Ruthless is a perception. One need not be ruthless but can be firm in domination without emotion.

Ross




lilbrattie -> RE: Domination does not need emotion attached to be domination right? (2/9/2007 8:10:14 PM)

hi all,

This is an interesting topic. i think that there are some amounts of emotional involvement no matter what distance is attempted. Being trained creates a strong bond between the 2 people no matter what they do to prevent that, and in that bond are strong emotions (caring about someone is an emotion). A good friend of mine is close to her "Trainer" but not "with" Him, and they talk off and on all the time and even visit each other.

if i'm submitting myself to a person, fully, completely, in all ways, which imo is the only way to really explore all parts of yourself and grow... there will be some sort of connection emotionally.

On one site i read one Trainer stating that a period of "weaning" a submissive off of them is required in most cases, but in doing that they also keep in touch off and on and never leave the submissive that was just trained feeling alone or  abandoned. Others i've heard help the submissive in the search for a Dominant that would work well with them.

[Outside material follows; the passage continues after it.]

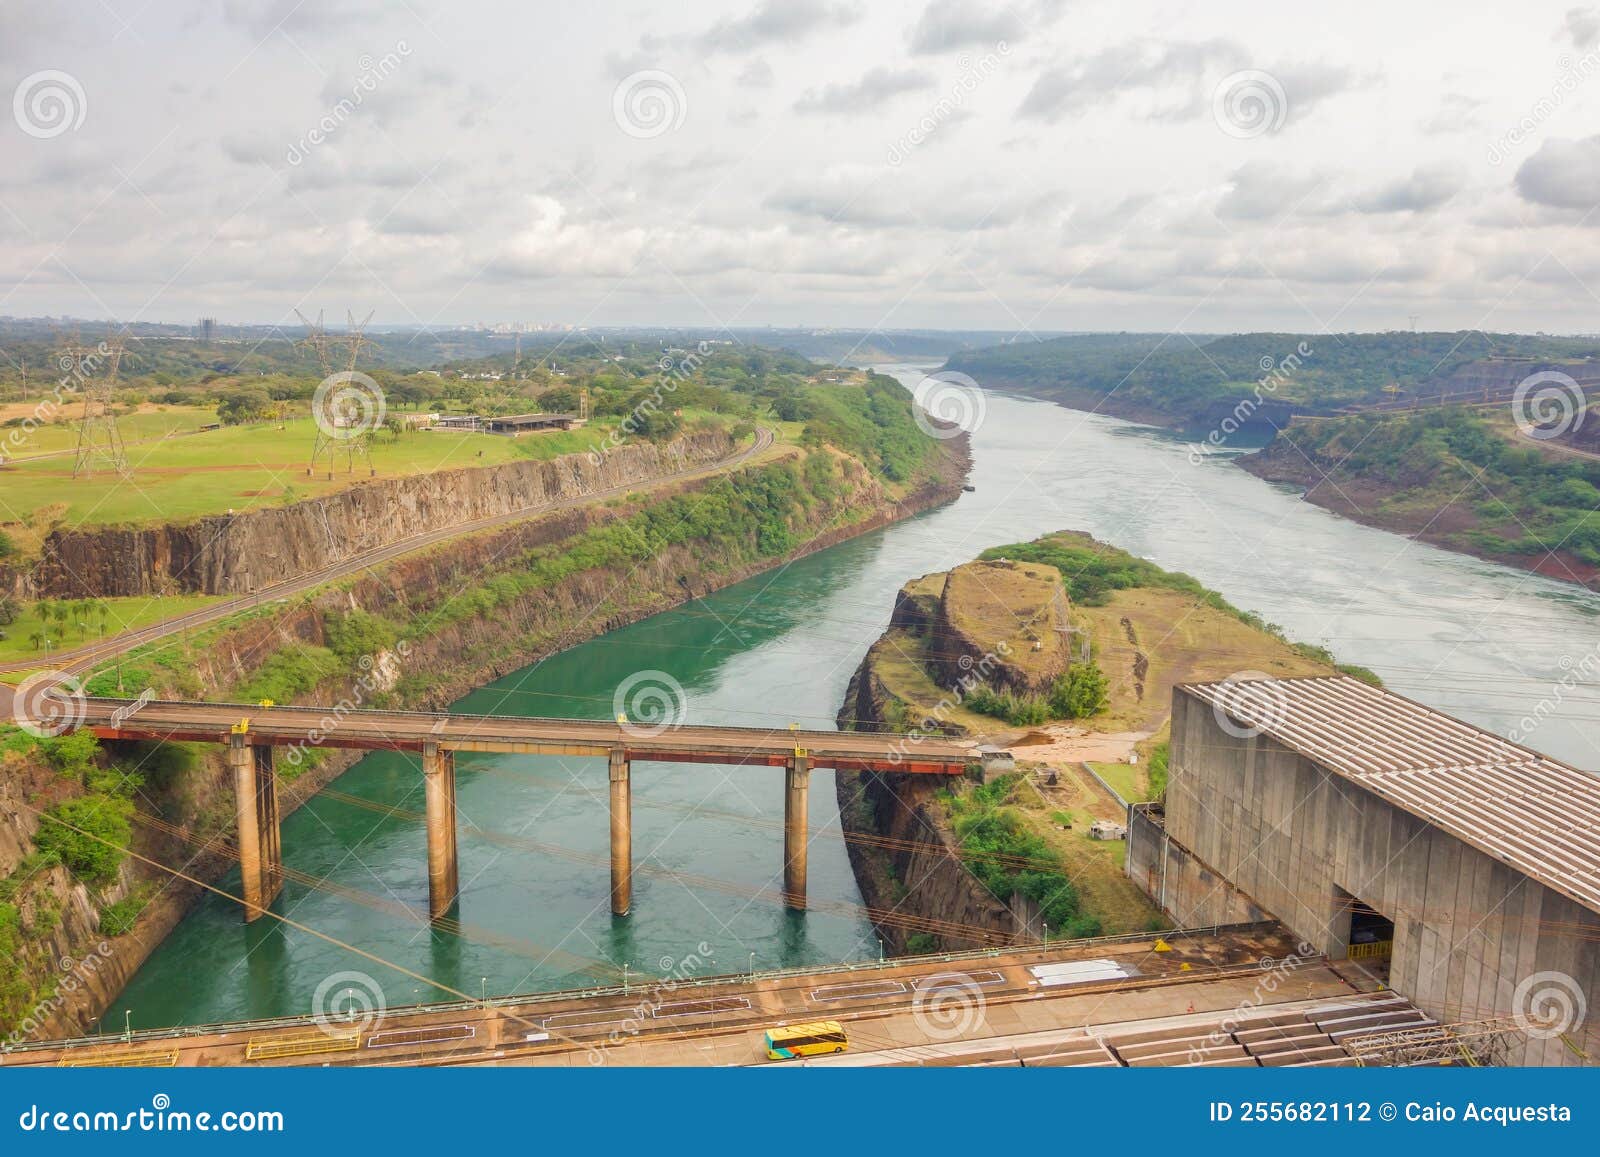 foz do iguacu, brazil: itaipu hydroelectric power plant dam in parana river

With all that said, it's hard to say there isn't any emotion... the act of dominating someone takes emotion... again imo that is...

just my 2 cents

~ brattie ~




KnightofMists -> RE: Domination does not need emotion attached to be domination right? (2/10/2007 7:22:46 AM)

quote:

ORIGINAL: SirDiscipliner69

quote:

ORIGINAL: TypeAsub1

I NEED emotional attachment to submit.  Therefore you can not dominate me without emotional attachment.  It depends on the people involved. 


I would say if you gave consent you would be dominated. Now if the emotional gratifcation were present or not it would not void the fact that you indeed were dominated. One might argue that emotional domiantion would be needed for mental realm satifaction.



considering.. she is stating... she NEEDS Emotional Attachment to give Consent....... then Emotional Gratificaiton is going to need to be Present for her to consent to being Dominanted......  Without Emotional Gratification.. there is no Dominantion going to occur in Her situation.

One might argue.. that you don't really pay attention to what is being said... only trying to project your own beliefs as the one true way.




DommeChains -> RE: Domination does not need emotion attached to be domination right? (2/10/2007 11:53:17 AM)

My question in regard to this approach you tout is can domination without any emotional connection be done in a responsible manner?

I do not believe so.  Even the most fleeting of D/s interactions requires a certain level of trust and the dominant's responsibility to the submissive to abide by the terms of their negotiation.  In order to be trusted by a submissive the dominant needs to establish some degree of connection which encompasses an emotional context.  D/s inherently contains a sexual dynamic which is entwined with emotions of all types and degrees. 

Hence my contention that your stance of emotionless dominance is bullying or abuse hiding behind a mask of D/s.  Anyone can be cowed by an abuser.  A quality dominant is always responsible and aware of the need for informed, uncoerced consent from a submissive.  Consent based on a foundation of trust which requires some degree of emotional involvement.